Many cultures, as far back as the ancient Egyptians, have associated the giving of food with the dead peacefully passing away. There is even evidence to suggest that the early Greeks gave their prisoners a last meal, and the Romans definitely let gladiators eat a mouthwatering snack. In pre-modern Europe, the giving of a final meal symbolized making peace with the host, and the prisoner forgiving all involved with his death, including the witness and executioner. It supposedly prevented the executed from coming back as a ghost.
Prisoners should be offered a proper last meal. For one, it is simply inhumane not to. Considering that the government can legally kill a convicted murderer by decapitation, hanging, gas chamber, firing squad, electrocution, stoning, or lethal injection, it isn’t too much to ask for a consolation meal before that happens.
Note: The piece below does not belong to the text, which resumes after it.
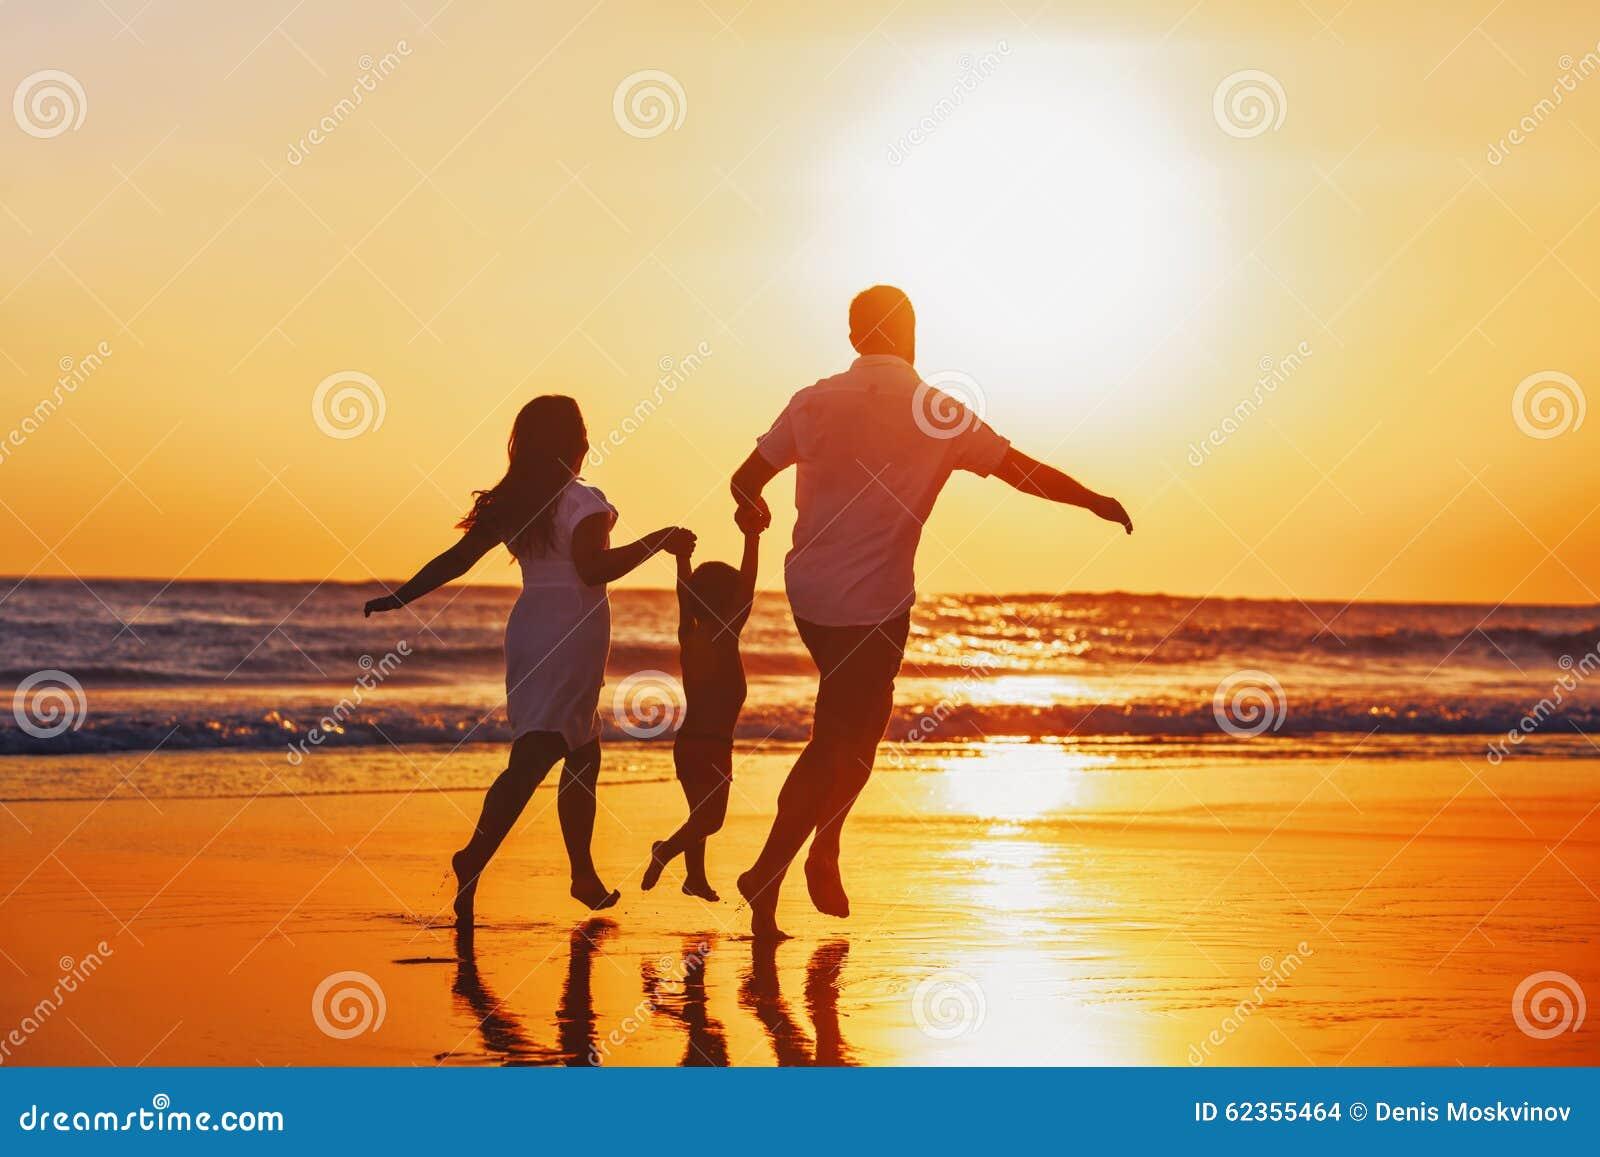 Счастливая семья с ребенком имеет потеху на пляже захода солнца

Texas stopped dishing out special repasts for the soon-to-be-executed because a Texas Senator, John Whitmire, got angry when convicted murderer Lawrence Russell Brewer requested a frightfully large last meal and ate none of it. Brewer ordered two chicken-fried steaks with gravy and sliced onions, a triple-patty bacon cheeseburger, a bowl of fried okra with ketchup, a pound of barbecued meat with half of a loaf of white bread, a portion of three fajitas, a meat-lover’s pizza (topped with pepperoni, ham, beef, bacon, and sausage), a pint of Blue Bell, a serving of ice cream, a slab of peanut-butter fudge with crushed peanuts, and a serving equivalent to three root beers. However, it seems rather unfair that because of an individual’s mistake, every inmate on death row in the entire state Texas has to be punished; it’s like penalizing the whole class because a solitary person threw a paper airplane.
There are other ways Texas could go about giving those on death penalty last meals while preventing the same thing from happening again. Some states set a price limit. For example, for the prisoners in Florida, the cost may not exceed $40 and has to be purchased locally; Oklahoma has a limit of $15. Other states have a menu to choose from.
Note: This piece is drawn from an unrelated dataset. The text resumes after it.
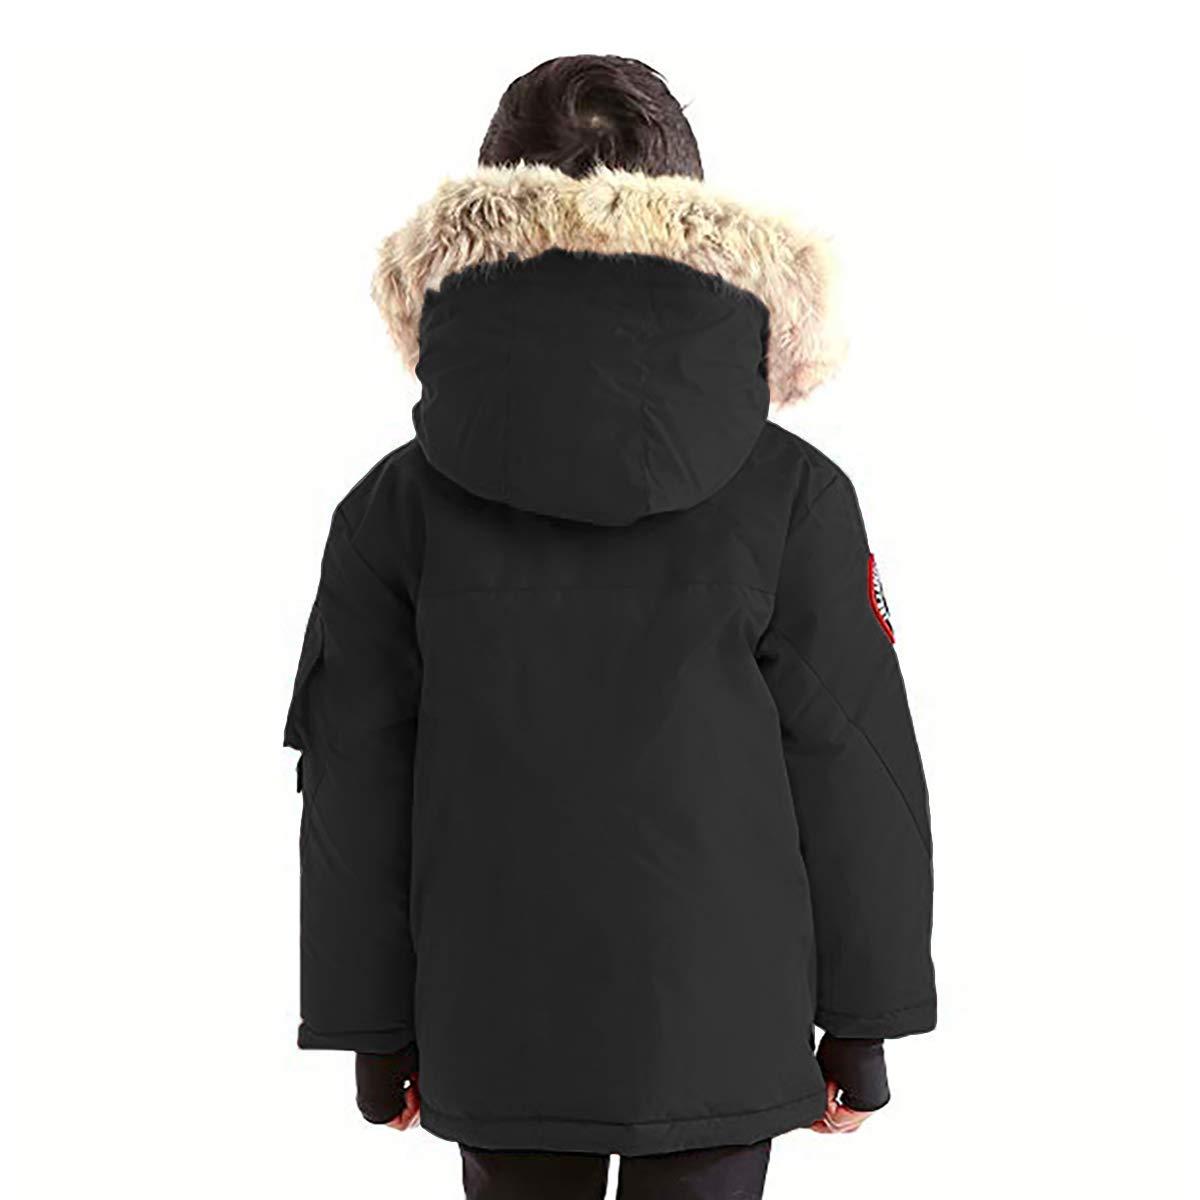 Triple F.A.T. Goose Kids Chenega Premium Down Jacket (7, Black) by Triple F.A.T. Goose (Image #3)

Write a letter to Texas Senators or the prisons themselves and oppose this unjustness by giving alternatives like a price limit on the menu, or simply say that it is just not right to be the only state to participate in such cruelty. If you are unwilling to do that, contact your own Senators or congressional representatives and ask them to encourage the Texans to change this cruel law to a more lenient substitute.